The Dark (A Detective Alice Madison Novel)(15)
The elevator doors slid open, and Benny Craig from Quinn, Locke staggered out carrying two silver photography cases and a folded tripod stuck under one arm. Benny had been with the firm six months and looked thirteen. Something in Carl Doyle’s demeanor told him to keep quiet and just do as he was told.
“Everything?” Doyle asked.
“Everything,” Benny replied.
Carl started down the corridor, Benny following. Around them the life of the hospital took no notice as it hummed and bustled in its daily workings.
Alice Madison balanced the plate of chocolate cake on the edge of her desk and raised her paper cup. Detective Andrew Dunne’s birthday was an occasion to celebrate, and it had drawn officers from all over the precinct.
Dunne and his partner, Spencer, had been a joy to work with from the beginning. Looking around the busy room, Madison spotted Detective Chris Kelly and his partner, Tony Rosario, with paper cups in hand. Chris Kelly had not been a joy to work with—in fact, Madison believed that joy would flutter, wither, and drop dead if it came within six feet of Kelly. They had ignored each other from the beginning of the year, and she hoped it would last.
Spencer raised his cup—fizzy yellow soda under the fluorescent lights—and called for silence. He had known Dunne from the Academy, and his toasts were sure to touch on his friend’s unmarried status, his Irish red temper, and a large number of embarrassing events that had never made it into their official reports.

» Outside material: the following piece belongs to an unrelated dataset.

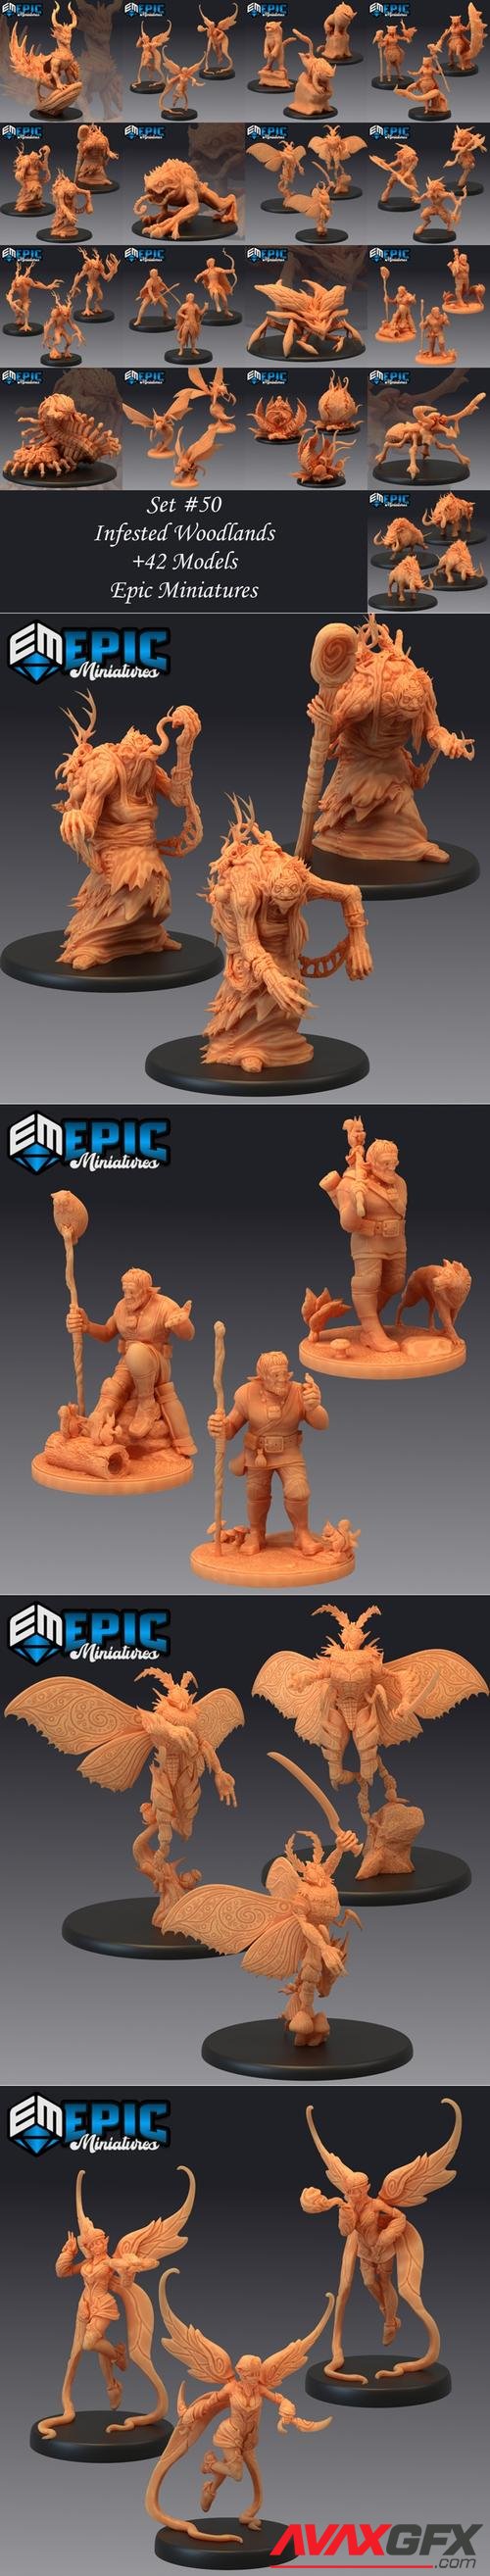 Epic Miniatures - Infested Woodlands – 3D Print

“My name is Nathan Quinn—”
The voice cut through the air, and Madison just about jumped out of her skin. Someone shushed the group and increased the television’s volume with the remote.

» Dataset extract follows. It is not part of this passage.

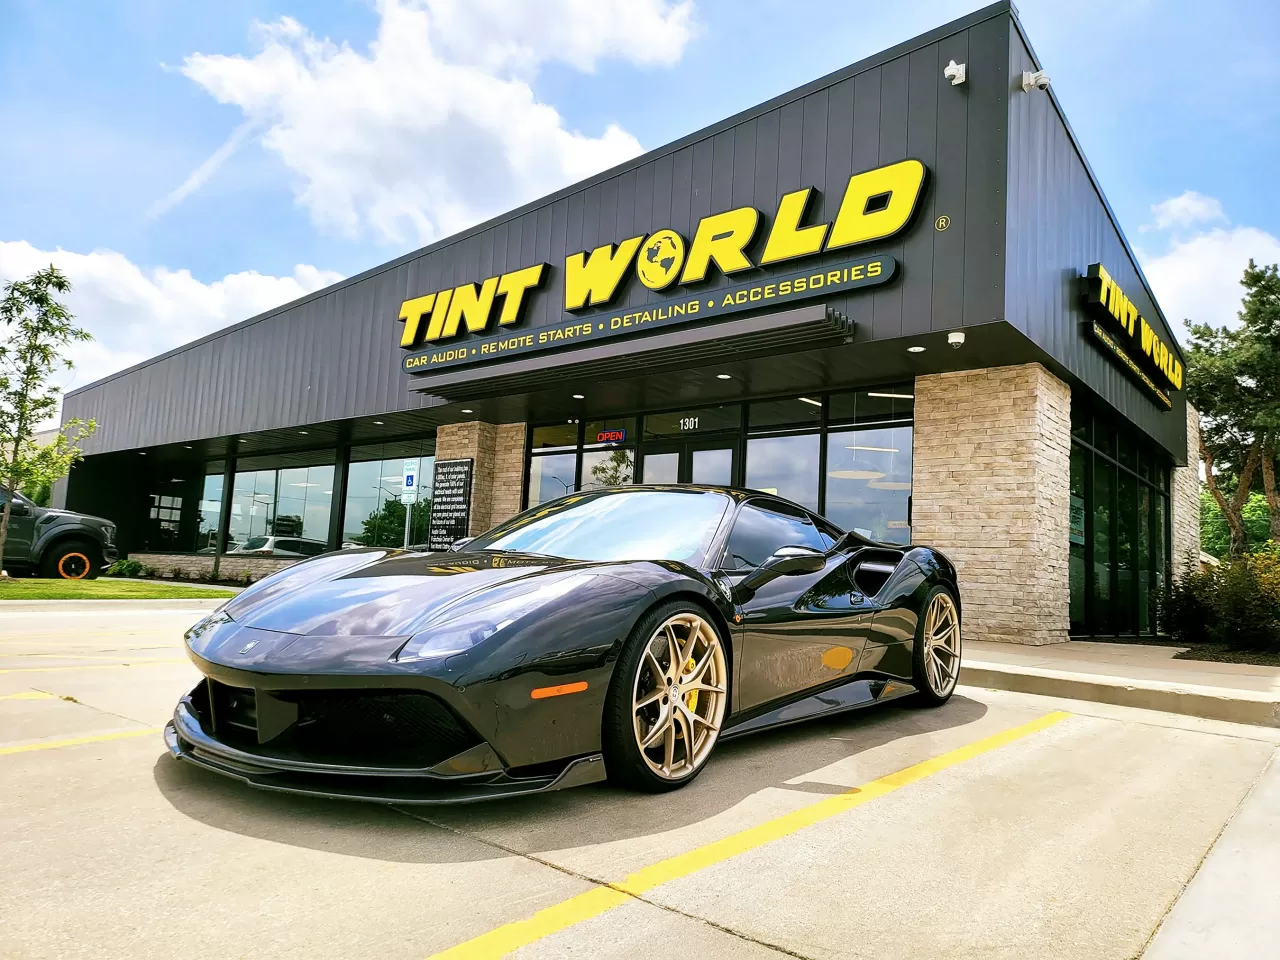 Tint World® Automotive Styling Centers™, a leading auto accessory and window tinting franchise, was honored for their outstanding franchisee satisfaction by being named to Franchise Business Review’s 18th annual list of the best franchise opportunities according to owner feedback. img#1

“It’s the news on KIRO,” someone else said. The room froze into silence.
For the longest moment Madison didn’t turn. She knew what they were all looking at: they were looking at the man who had endured the unthinkable and survived. Each and every one of them had wondered about his injuries. There had been no pictures and no tabloid exclusive.
Madison had not been allowed to see Nathan Quinn since the incident; now she would have to see him for the first time in a roomful of strangers, all of them curious and none of them with any idea about what that night had really been like.
“My name is Nathan Quinn—”
Madison turned. He’d lost weight, and his dark hair was longer: Nathan Quinn in a head-and-shoulders shot, a blue linen shirt open at the collar, no tie. A hospital room behind him, enough light to see him clearly. A red line slashed through his left eyebrow and ran into his hairline; another ran from the corner of his mouth to under his left ear; one started under his jaw and disappeared into the open collar; another smaller line over his cheekbone, his lips. The plastic surgeon had done an amazing job, the best anyone could hope for. Yet, for now, Nathan Quinn looked as if the devil himself had kicked him out of hell but not without some fun and games first.
“—a few days ago the remains of a child were found in the Hoh River forest. My brother, David, was thirteen years old when he was abducted together with two young friends twenty-five years ago. The men who took them killed my brother and left his friends tied up and defenseless in the woods; had they not been discovered quickly, they, too, would have perished. This is an appeal for any kind of information anyone might have that relates to the kidnapping or the murder.”
Madison had seen such appeals made before: for missing or dead children, parents, siblings, wives, and husbands. Something in Quinn’s tone kept a roomful of cops nailed to where they stood, and she sensed the storm coming, because she had seen Nathan Quinn in action before, and he was not a guy who simply appealed for anything.
Quinn raised four fingers of his right hand. “Four men took the boys and murdered my brother—I now put two hundred thousand dollars on the head of each one of those men.” He raised the index finger of his left hand. “One man, or a group of men, planned it—one million dollars.” Quinn paused, and when he spoke again, his voice was low, and it crackled with menace. “They didn’t demand a ransom; they didn’t ask for a reward. This is what they are going to get today: a bounty on their heads. Did any one of them tell a friend, a brother, a lover what happened? Can they trust that person with their life today?” Quinn paused. “Twenty years ago a man named Timothy Gilman fell into a hunter’s trapping pit and died; there is reason to think he was one of the four kidnappers.” Quinn folded one finger back. “One down, three to go. The others should know, wherever they are, that they are not safe, they are not out of harm’s way, and they will be found.”